In general, individuals with both high common and rare variant burden have ‘earlier’ onset disease, but how can we quantify the proportion of rare/common heritability by time of event. Let’s first simulate some data:

  1. We’ll simulate 10 (MAF 1e-1) reare and 100 (MAF 5e-2) common variants with rare variant effect sizes \N (15,0.5) and \N (0.1,1) respectively.
  2. Every individuals total genetic load will then be the sum of this rare and common genetic load which we can sum, and normalize N(0,1)
Code
library(survival)
library(gridExtra)
library(data.table)
library(ggsci)
library(dplyr)
library(reshape2)
library(dplyr)
library(ggplot2)

set.seed(123)

# Define the number of individuals and variants
n <- 10000
n_rare_variants <- 10 # Number of rare variants per individual
n_common_variants <- 100 # Number of common variants per individual

# Simulate rare variants
rare_variants <- matrix(rbinom(n * n_rare_variants, 1, 1e-3), ncol = n_rare_variants)
rare_effects <- t(matrix(rnorm(n_rare_variants, mean = 15, sd = 0.5), ncol = n_rare_variants))
rare_load <- rare_variants %*% rare_effects

# Simulate common variants
common_variants <- matrix(rbinom(n * n_common_variants, 1, 0.5), ncol = n_common_variants)
common_effects <- t(matrix(rnorm(n_common_variants, mean = 0, sd = 1), ncol = n_common_variants))
common_effects <- scale(common_effects) # Standardize effects
common_load <- common_variants %*% common_effects

# Calculate the genetic risk score for each individual
genetic_risk_score <- rowSums(common_load + rare_load)
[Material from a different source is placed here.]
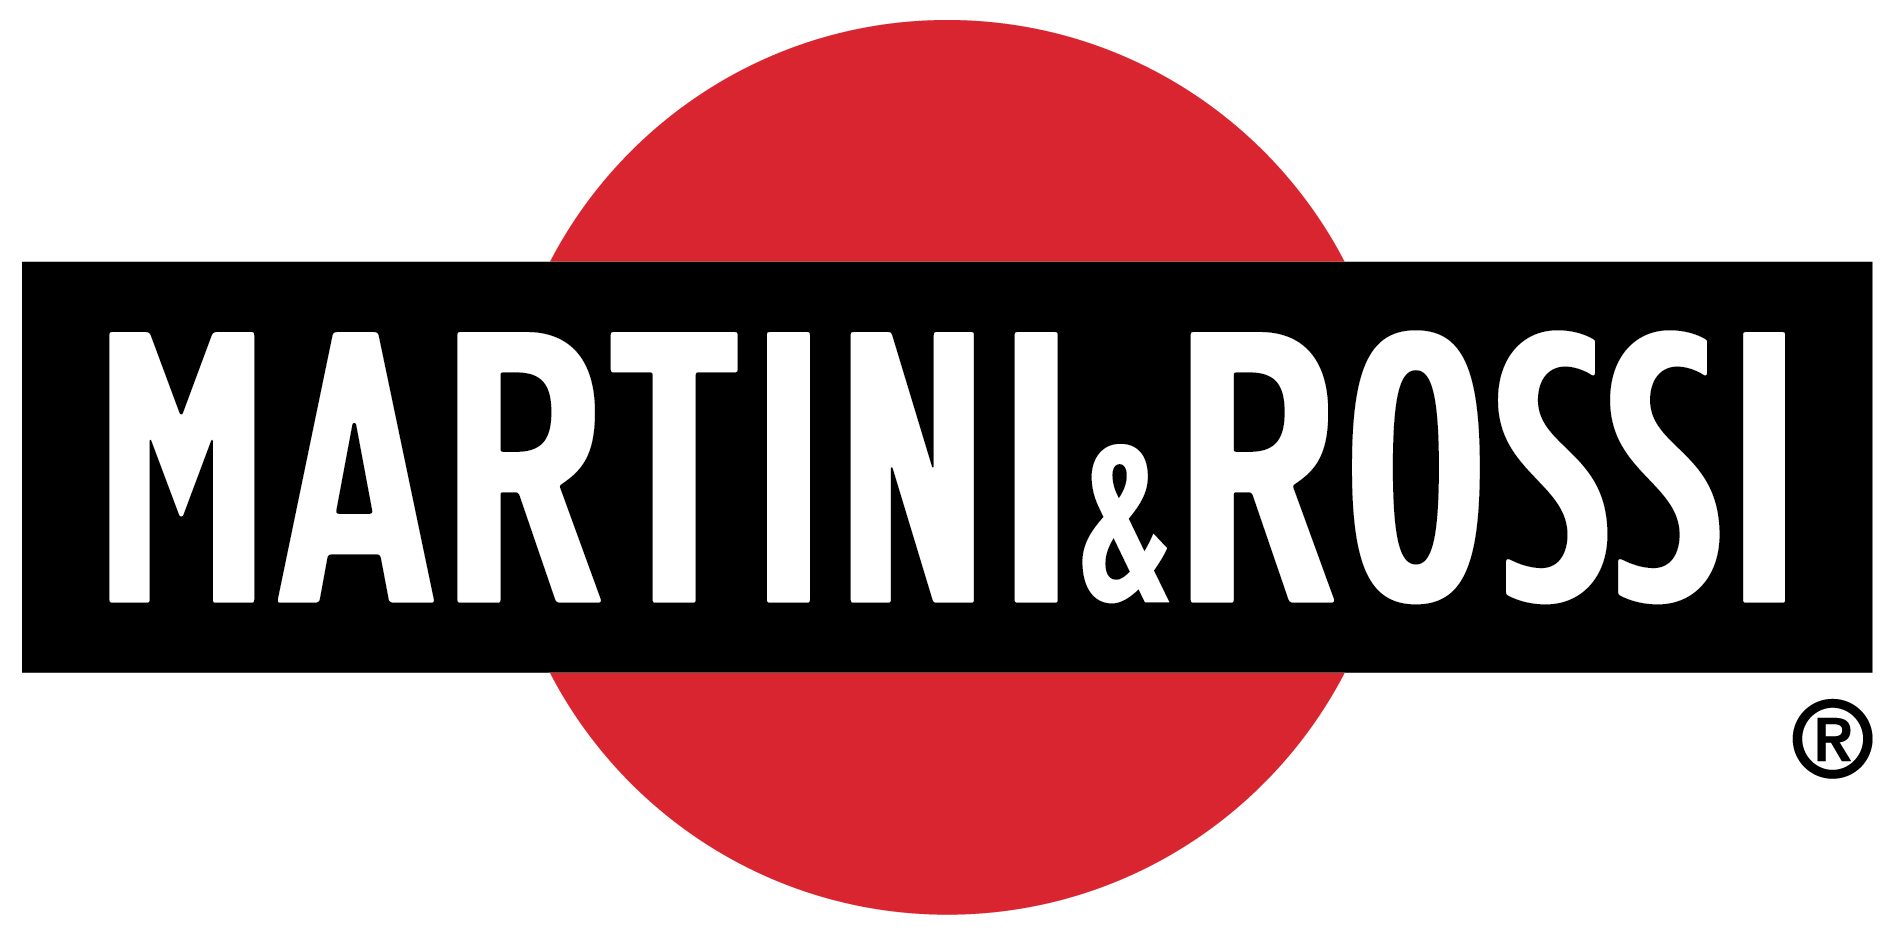 Martini and Rossie logo

# Normalize the genetic risk score
genetic_risk_score_normalized <- scale(genetic_risk_score)

# Create the data frame
df <- data.frame(
  Genetic.Risk.Score = genetic_risk_score,
  Normalized.Genetic.Risk.Score = genetic_risk_score_normalized,
  Rare.Load = rowSums(rare_load),
  Common.Load = rowSums(common_load)
)

# Display the first few rows of the dataframe
summary(df)
 Genetic.Risk.Score  Normalized.Genetic.Risk.Score   Rare.Load      
 Min.   :-16.82215   Min.   :-3.27631              Min.   : 0.0000  
 1st Qu.: -3.27015   1st Qu.:-0.65776              1st Qu.: 0.0000  
 Median : -0.01982   Median :-0.02972              Median : 0.0000  
 Mean   :  0.13400   Mean   : 0.00000              Mean   : 0.1406  
 3rd Qu.:  3.52942   3rd Qu.: 0.65607              3rd Qu.: 0.0000  
 Max.   : 26.13272   Max.   : 5.02354              Max.   :16.1285  
  Common.Load        
 Min.   :-16.822155  
 1st Qu.: -3.310597  
 Median : -0.079738  
 Mean   : -0.006591  
 3rd Qu.:  3.421738  
 Max.   : 17.302561  
Code
# Load necessary libraries
# Assuming you have a dataframe 'df' with the columns:
# 'Genetic Risk Score', 'Normalized Genetic Risk Score', 'Rare Load', 'Common Load'
# If you don't have it already, you should create it based on your simulation results.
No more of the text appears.